Immunomodulatory therapy remains controversial because of widely varying perceptions of efficacy. If immunomodulation is attempted, it should be as an adjunct to antibacterial and topical therapy with the goal of diminishing the frequency or severity of recurrent infection. Immunomodulatory therapy is most efficacious in dogs with idiopathic recurrent superficial pyoderma that respond completely to appropriate therapy, but recurrence follows within weeks after therapy has been discontinued. Most publications advocating immunomodulatory therapy are subjective, because products often are used in conjunction with systemic and topical antibacterials. Controlled trials are difficult to perform because immunomodulatory therapy rarely is used as sole therapy.

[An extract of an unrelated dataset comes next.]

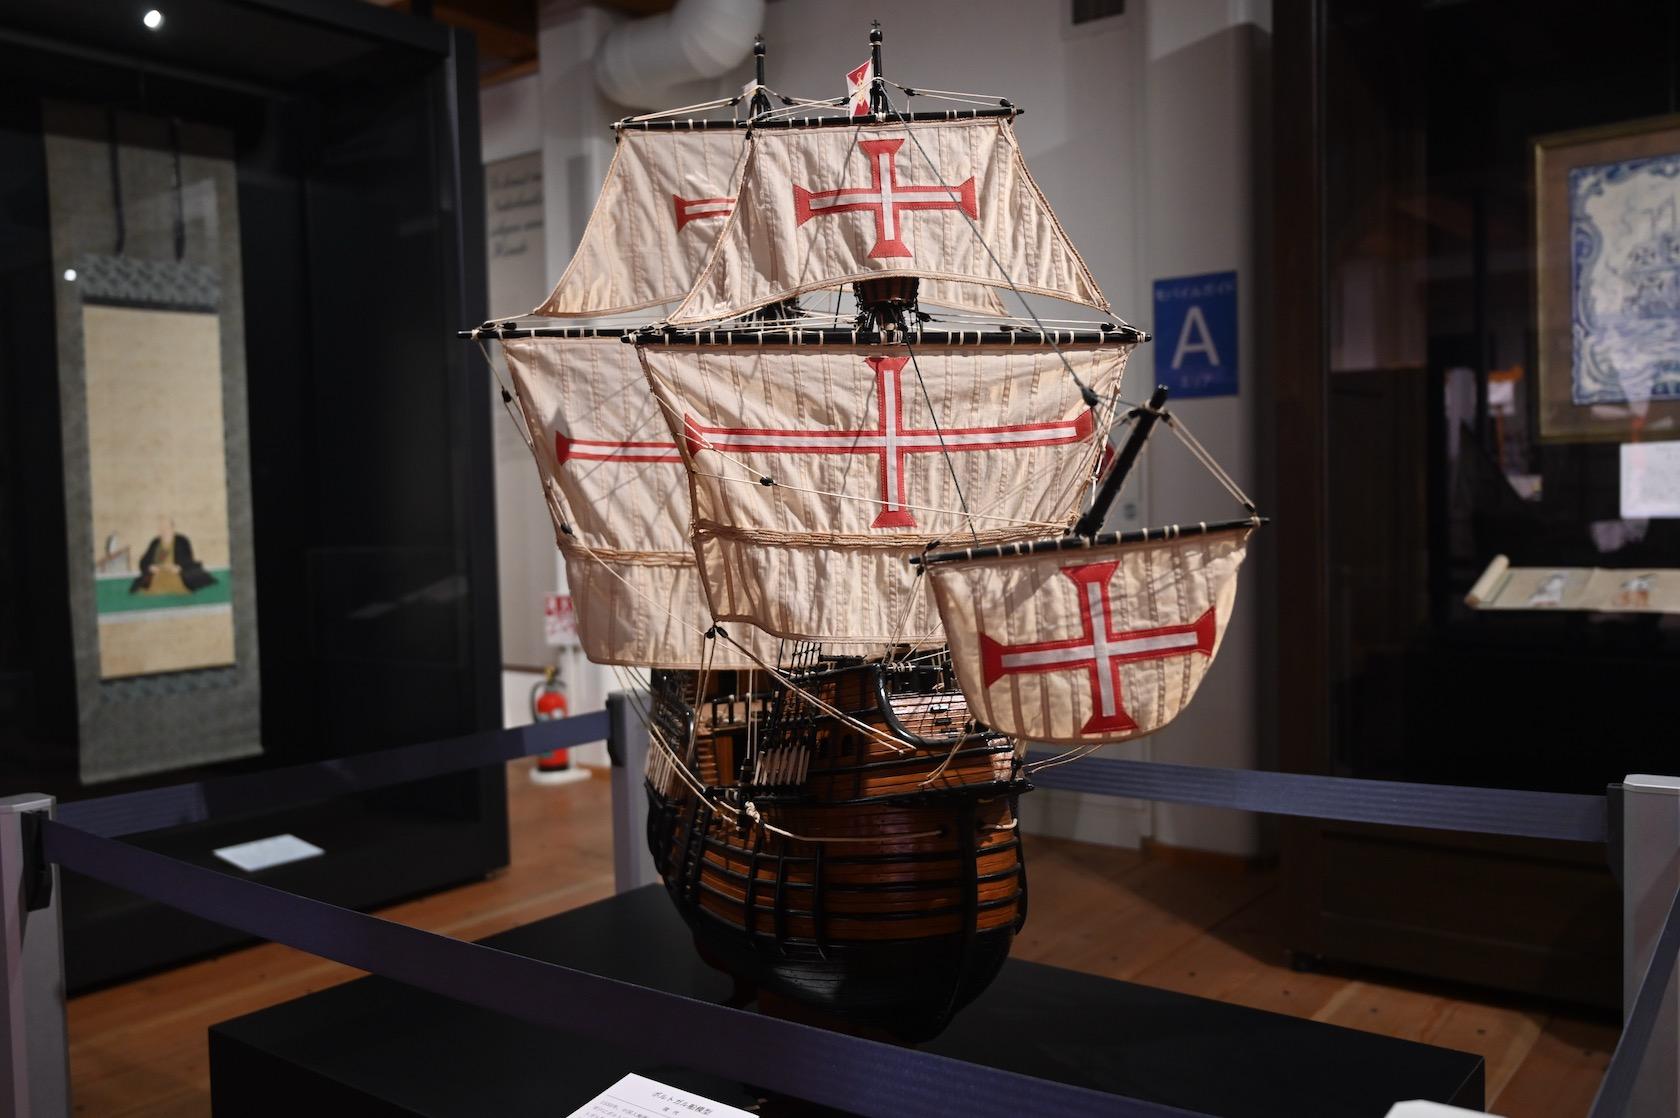 オランダ商館跡の帆船模型
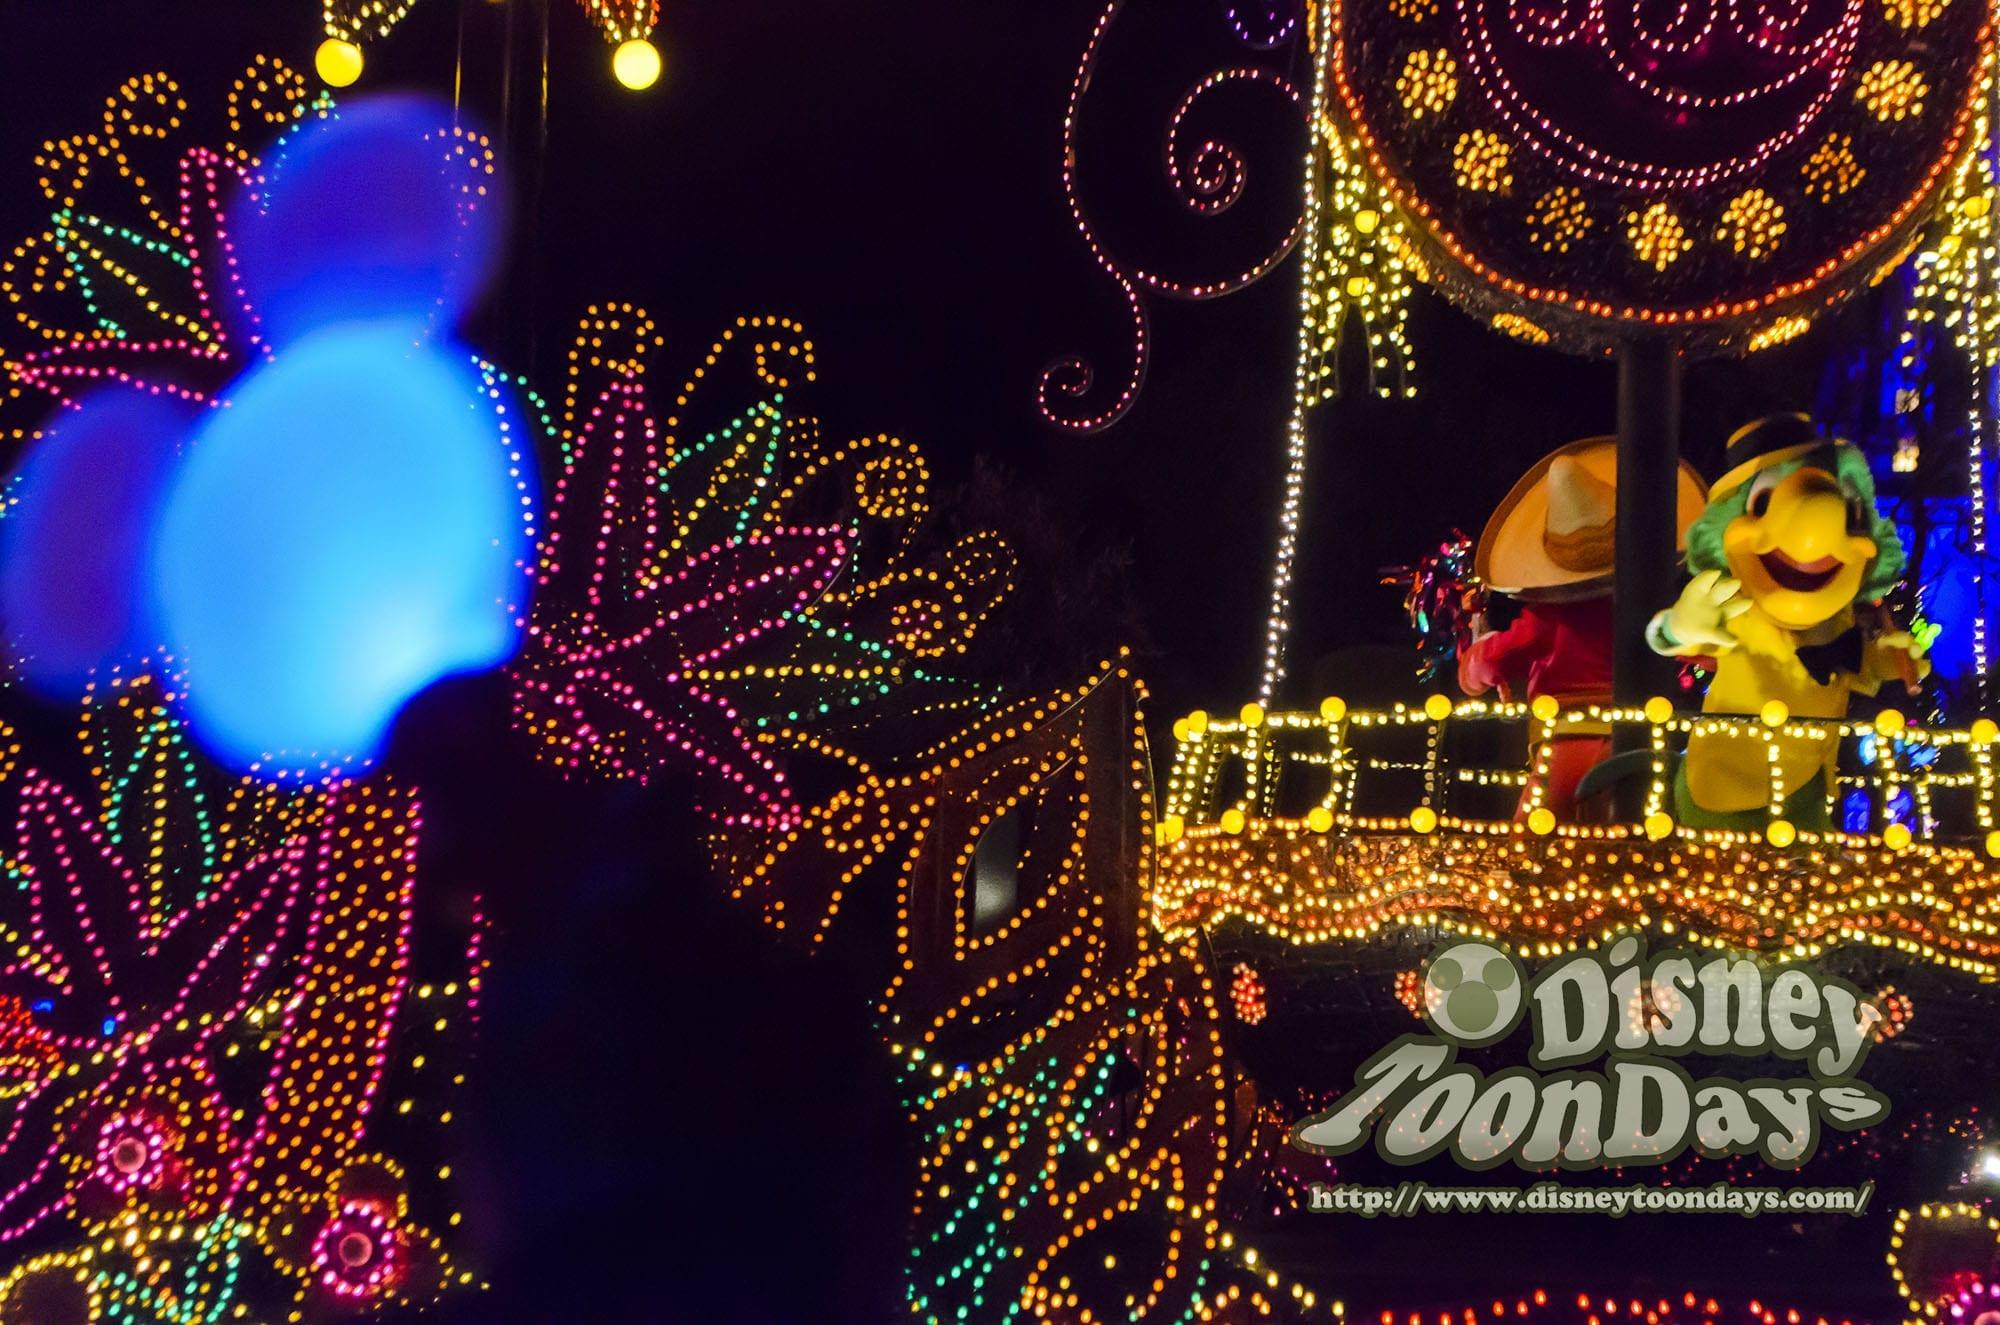 TDL ディズニーJCBカード5周年記念スペシャルナイトat東京ディズニーランド プライベートイブニングパーティー 東京ディズニーランド・エレクトリカルパレード・ドリームライツ ホセキャリオカ パンチート

Immunomodulators can be either bacterial or nonbacterial preparations. Commercial bacterial preparations contain either killed Staphylococcus or Propionibacterium species as the antigen. Staphage Lysate (Delmont Laboratories, Swarthmore, PA) is the most common commercial bacterin used in North America and contains bacterial antigens of S. aureus isolated from humans. Staphage Lysate is the only product for which efficacy has been documented (approximately 40% of cases using 0.5 mL twice weekly⁴⁸) by double-blinded, placebo-controlled studies. Autogenous bacterins occasionally are made from specific staphylococcal organisms isolated from a dog with pyoderma for use in that dog. Inactivation methodology is crucial because the process must kill the organism without disrupting antigenic determinants.

Nonbacterial immunomodulatory therapy is controversial; most reports are anecdotal. Levamisole has been used in an attempt to stimulate lymphocyte and phagocyte immune function. Cimetidine theoretically could reduce immunosuppression by downregulating suppressor T lymphocytes, thereby modulating cytokine production.